**EXERCISE GOAL:**
From the material below, copy exactly the lines beginning with the one that contains "INGOR fashion casual" and ending with the one that contains "Iron bowl, iron"; the pictures stay out.

**SUPPLIED MATERIAL:**

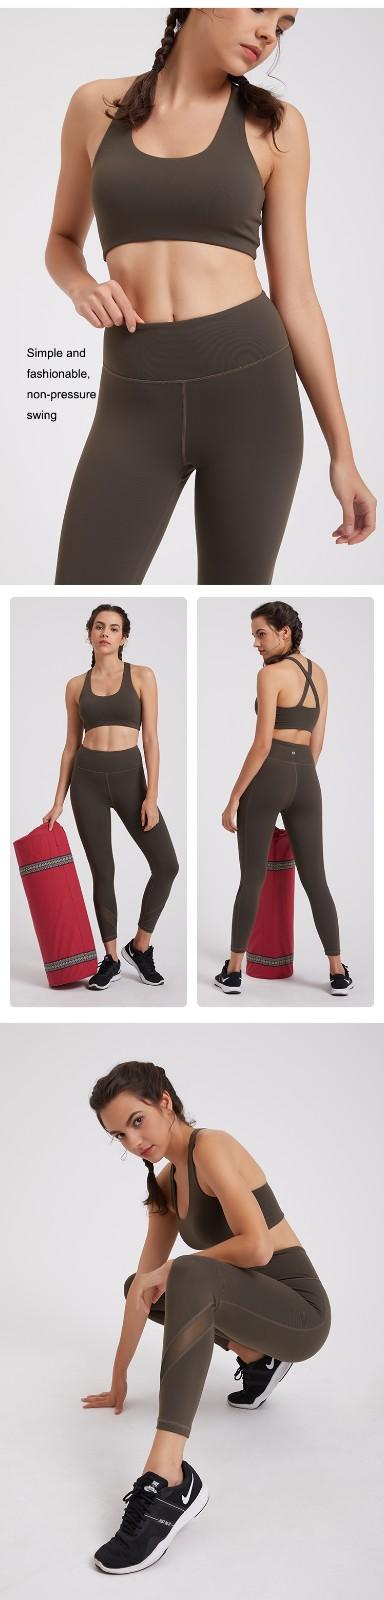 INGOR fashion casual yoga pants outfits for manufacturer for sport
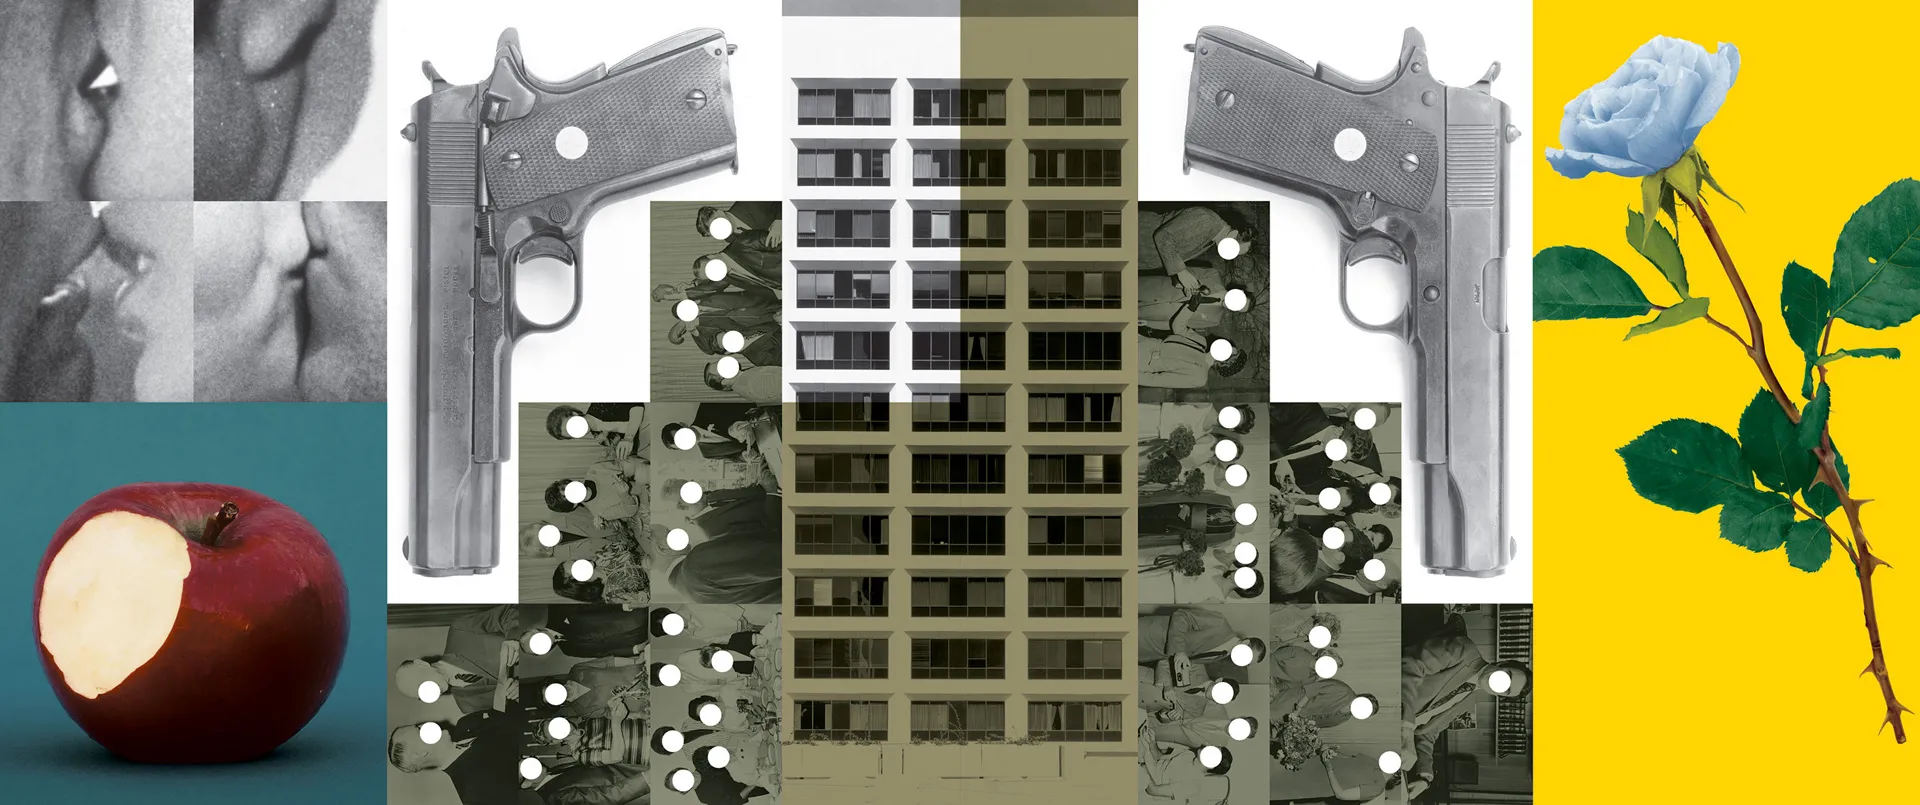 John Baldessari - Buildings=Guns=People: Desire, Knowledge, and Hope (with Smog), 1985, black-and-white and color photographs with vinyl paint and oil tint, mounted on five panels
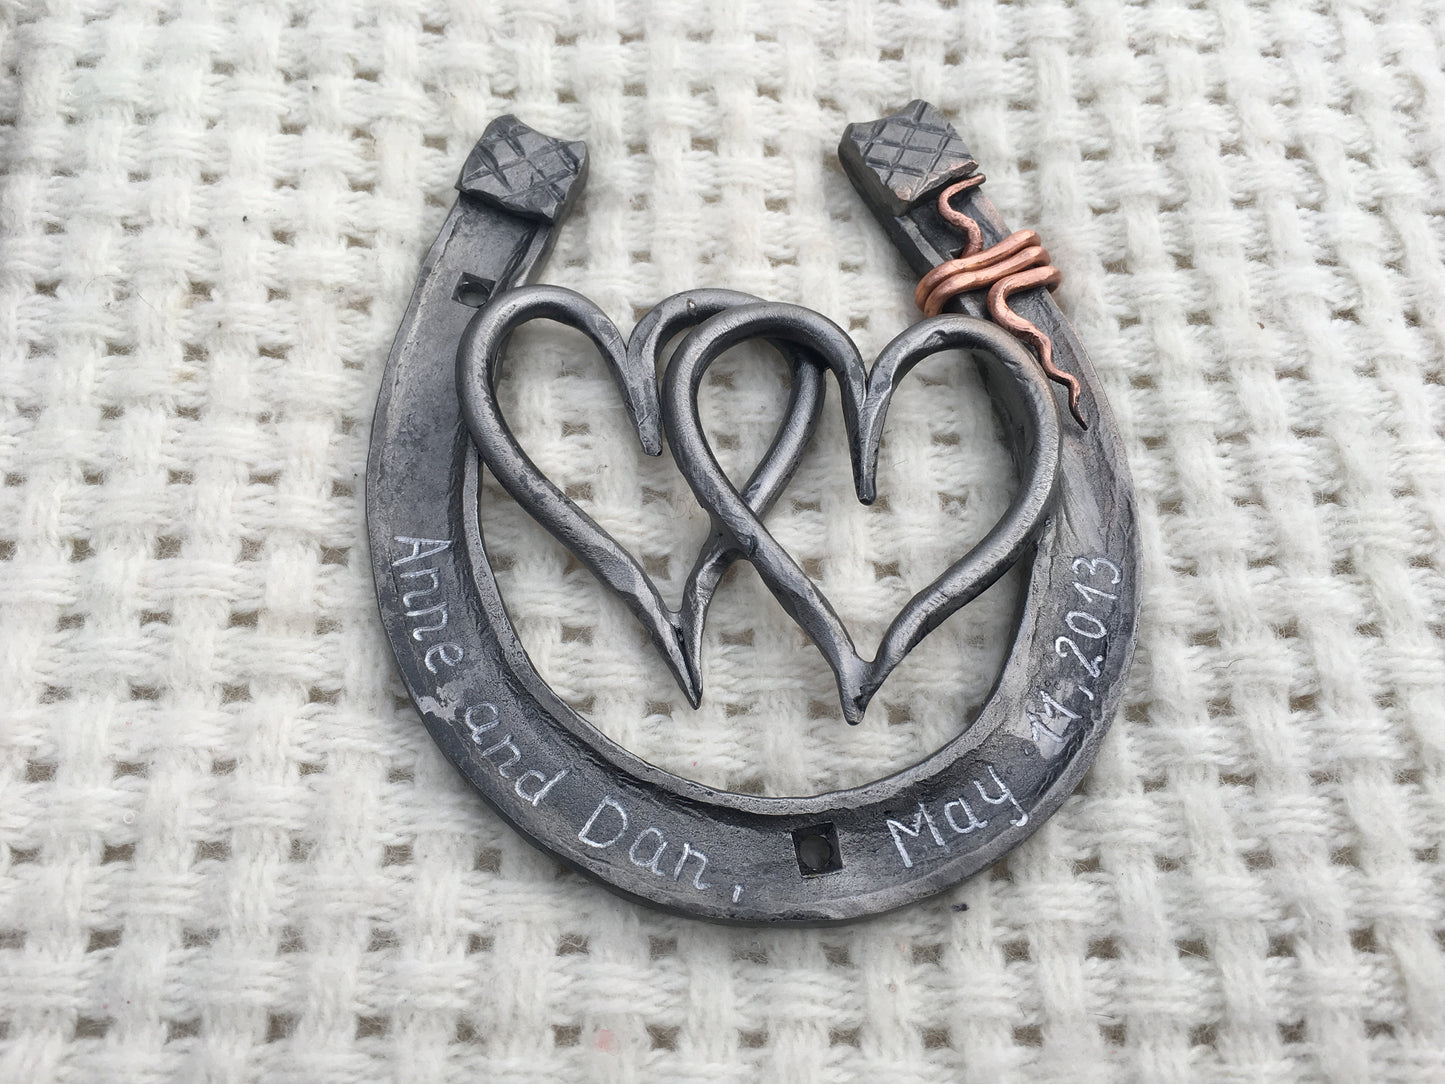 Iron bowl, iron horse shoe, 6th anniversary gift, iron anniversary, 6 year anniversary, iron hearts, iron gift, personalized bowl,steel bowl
---
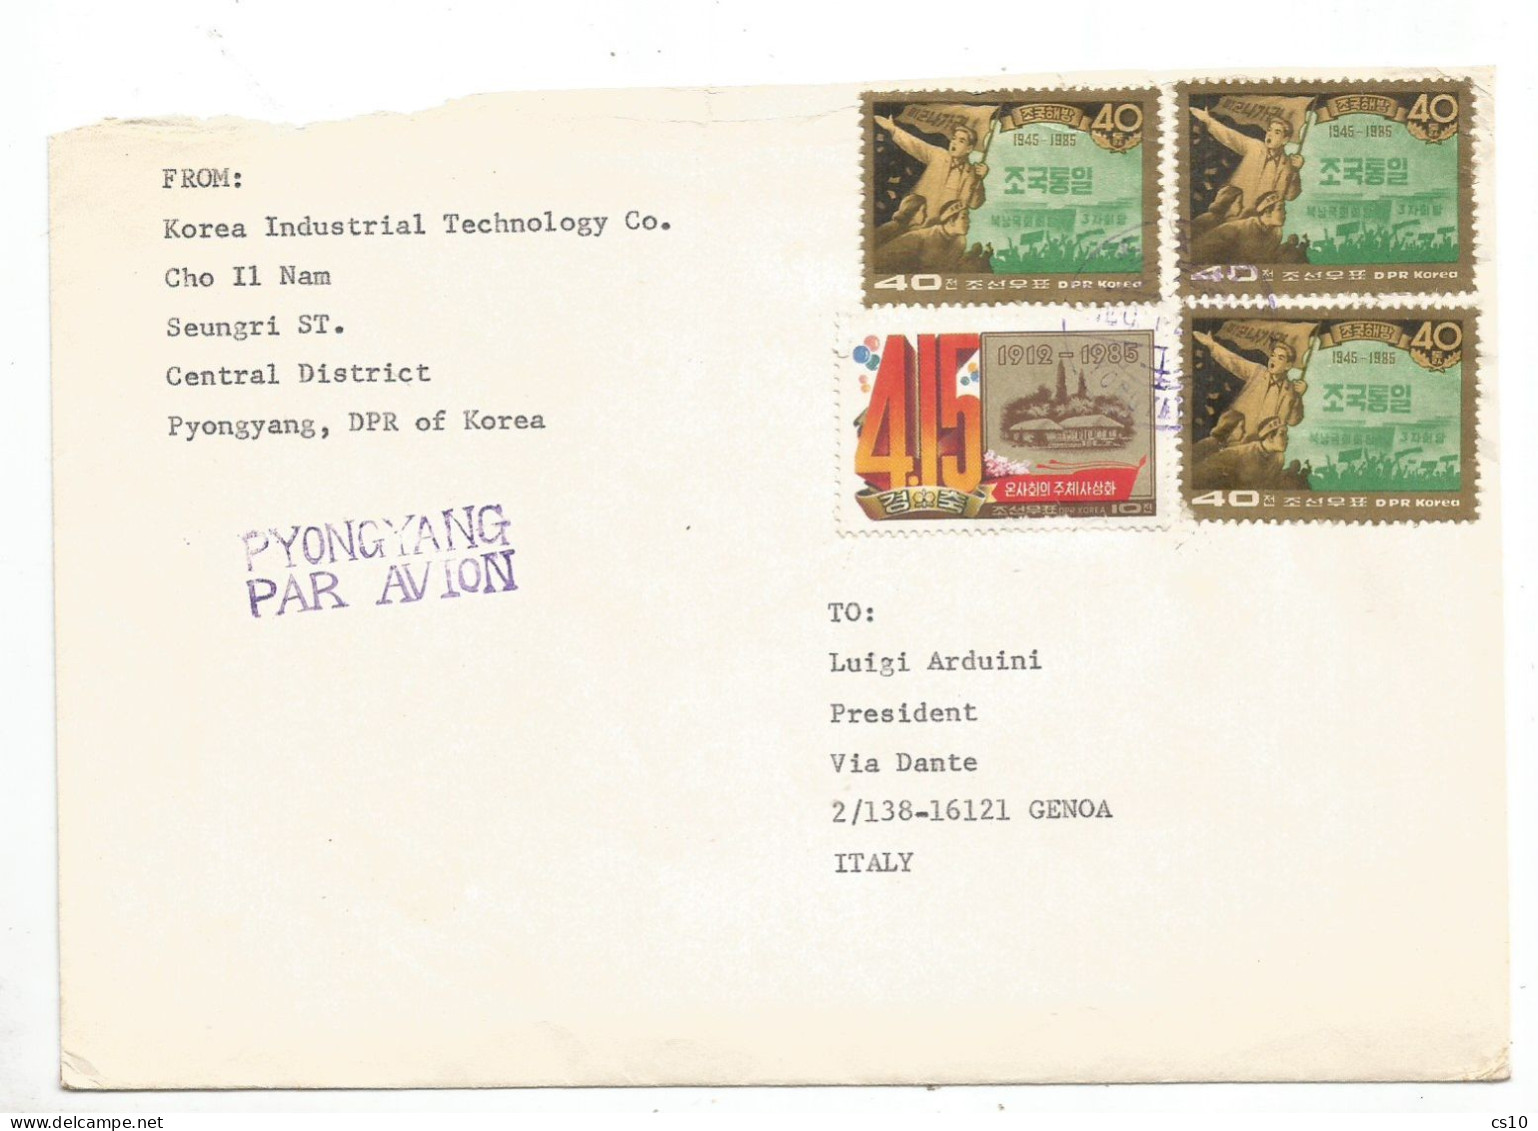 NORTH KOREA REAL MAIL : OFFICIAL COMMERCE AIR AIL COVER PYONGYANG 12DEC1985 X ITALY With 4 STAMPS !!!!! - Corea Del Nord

**RESPONSE TO THE EXERCISE:**
 INGOR fashion casual yoga pants outfits for manufacturer for sport
 John Baldessari - Buildings=Guns=People: Desire, Knowledge, and Hope (with Smog), 1985, black-and-white and color photographs with vinyl paint and oil tint, mounted on five panels
 Iron bowl, iron horse shoe, 6th anniversary gift, iron anniversary, 6 year anniversary, iron hearts, iron gift, personalized bowl,steel bowl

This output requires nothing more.